Employers give a small window for employees to opt for VPF. Typically, it is at the beginning of the financial year.
The government on 13 May reduced the employee’s and employer’s contribution to the employee provident fund (EPF) for three months. Both the parties will contribute 10% each of the basic salary for the period instead of the mandated 12% each. This has been done to increase cash in the hands of the employees.
Lower contribution for a three-month period may appear negligible. But the reduction in provident fund (PF) contribution can impact many other financial aspects. Those who have stable income at present should opt for a voluntary provident fund (VPF) or public provident fund (PPF) to ensure they maintain the regular contribution of 24% (the total of employee and employer contribution) of the basic salary, according to financial planners.
For example, if an individual earns a basic salary of ₹30,000, for the three-month period, the employee’s and employer’s contribution at 10% each will be ₹18,000. In the usual course, it would have been ₹21,600. The difference, therefore, is ₹3,600. “But this money compounds over decades. After 20-25 years it would be significant," said Basavaraj Tonagatti, a Sebi-registered financial adviser.
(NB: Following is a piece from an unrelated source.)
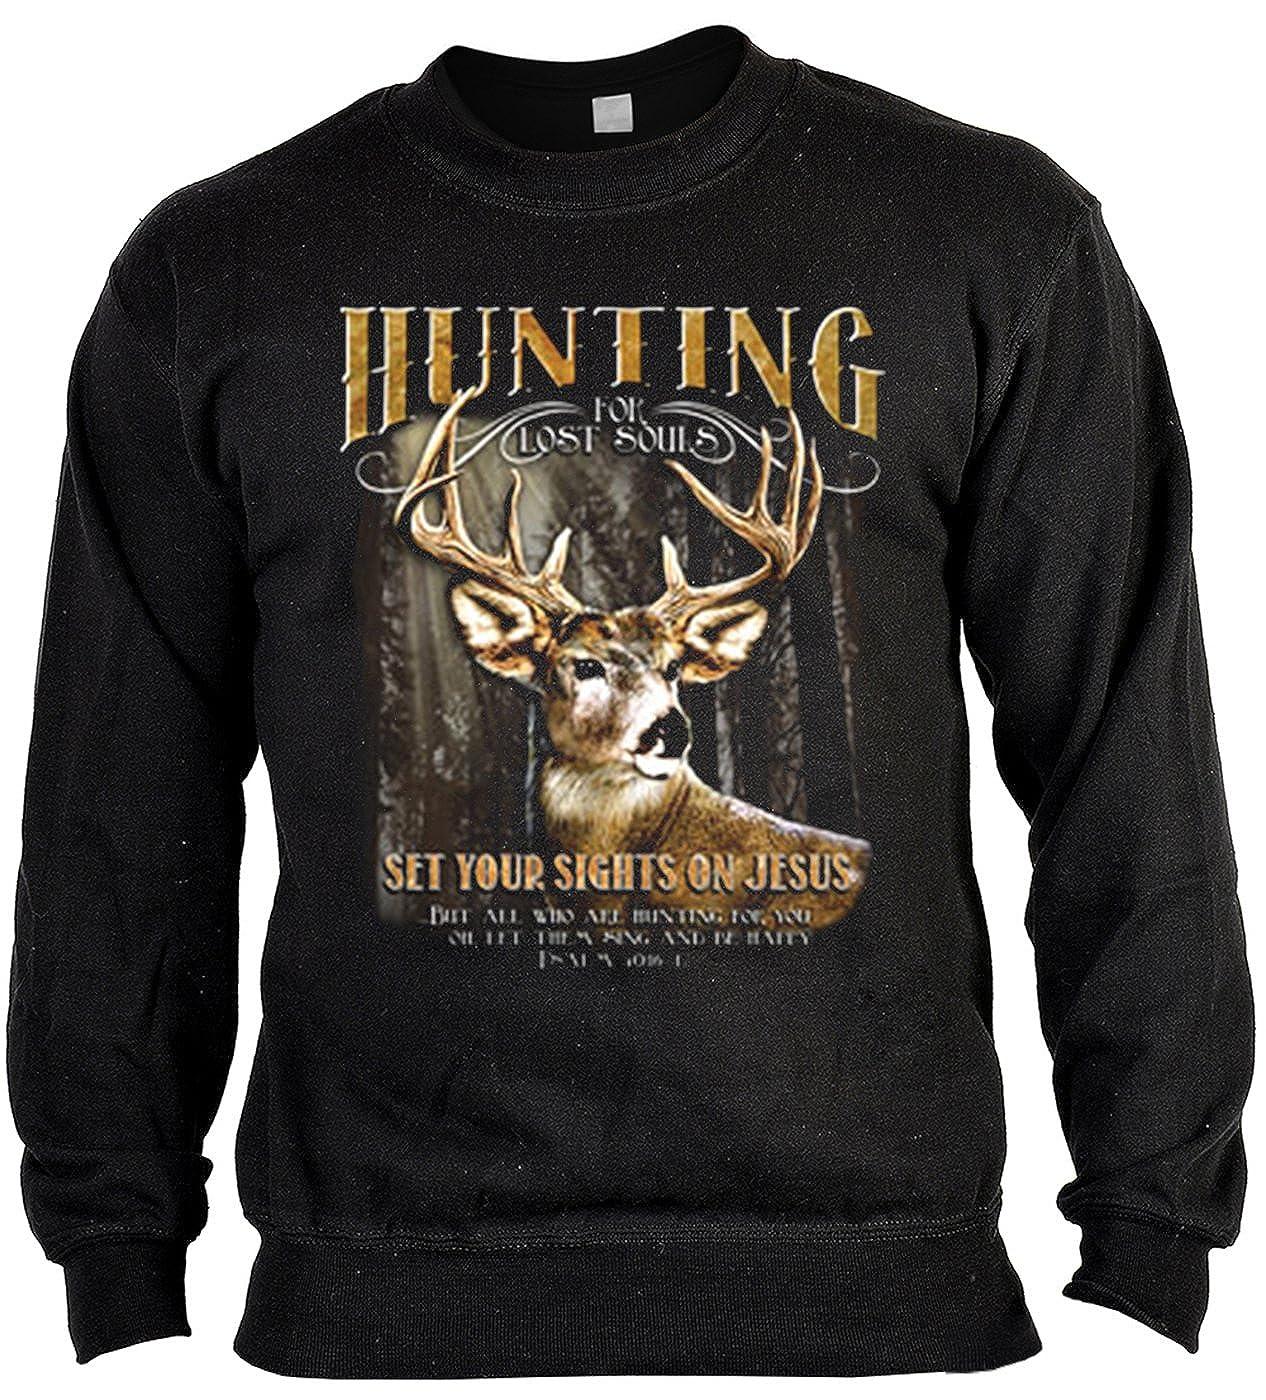 Jagd Pullover für Jäger Sweater Hunting for lost souls Artikel für ...

This lower contribution to EPF impacts employees in two ways. “First, the EPF contribution is eligible for a tax break under Section 80C. If the EPF contribution is reduced, the corresponding tax break also reduces. Second, this cut would mean lowering of the EPF corpus or retirement savings," said Adhil Shetty, CEO, BankBazaar, a marketplace for financial products. Lower EPF outgo means a salaried would need to look at other avenues under Section 80C to get the tax deduction.
HOW VPF WORKS
Employers give a small window for employees to opt for VPF. Typically, it is at the beginning of the financial year. If an employee doesn’t opt for it, he may not be able to contribute toward VPF for the remaining year. A salaried, hence, need to check with the human resource (HR) department whether the window to contribute towards VPF is still open. In case the window has closed, Tonagatti suggest that employees can look at investing in PPF.
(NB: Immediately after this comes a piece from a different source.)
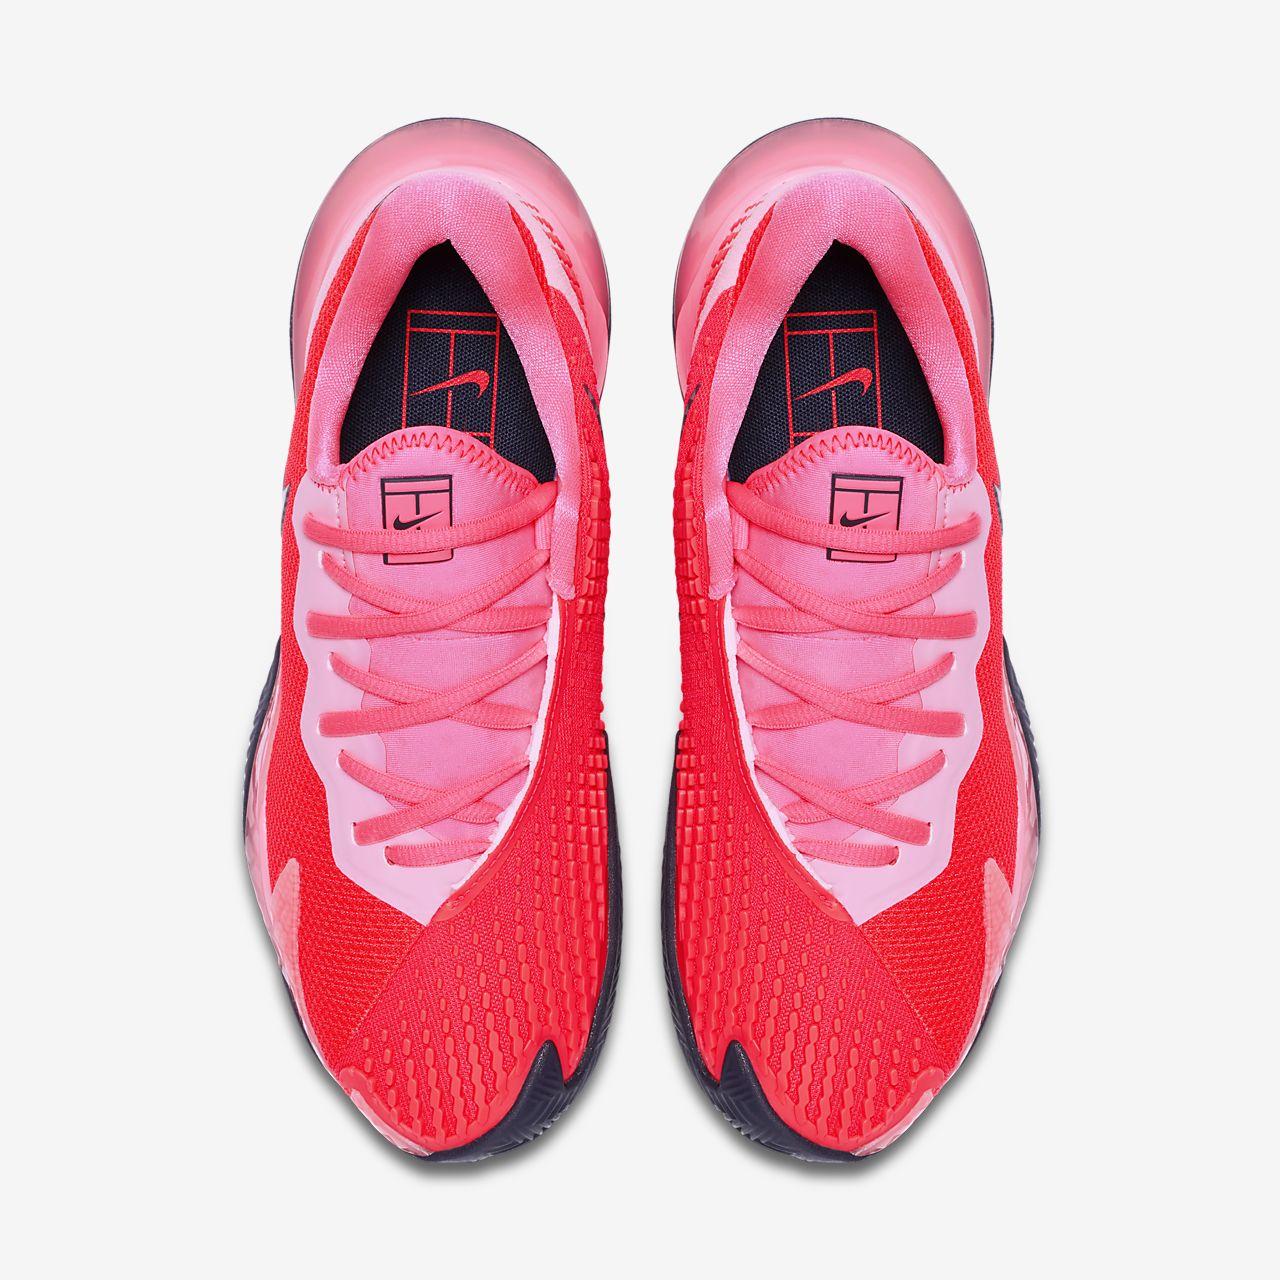 NikeCourt Air Zoom Vapor Cage 4 Zapatillas de tenis para tierra batida Mujer

The interest rate of VPF is the same as the EPF, which the government usually announces towards the end of the financial year. An employee has the option to invest up to 100% of the basic salary in VPS. It also has the same tax benefits as EPF, that is, there is tax deduction on investment, no tax on accrual or withdrawal.
When you change jobs, you can also move your VPF funds to the new employer just like you move the EPF account.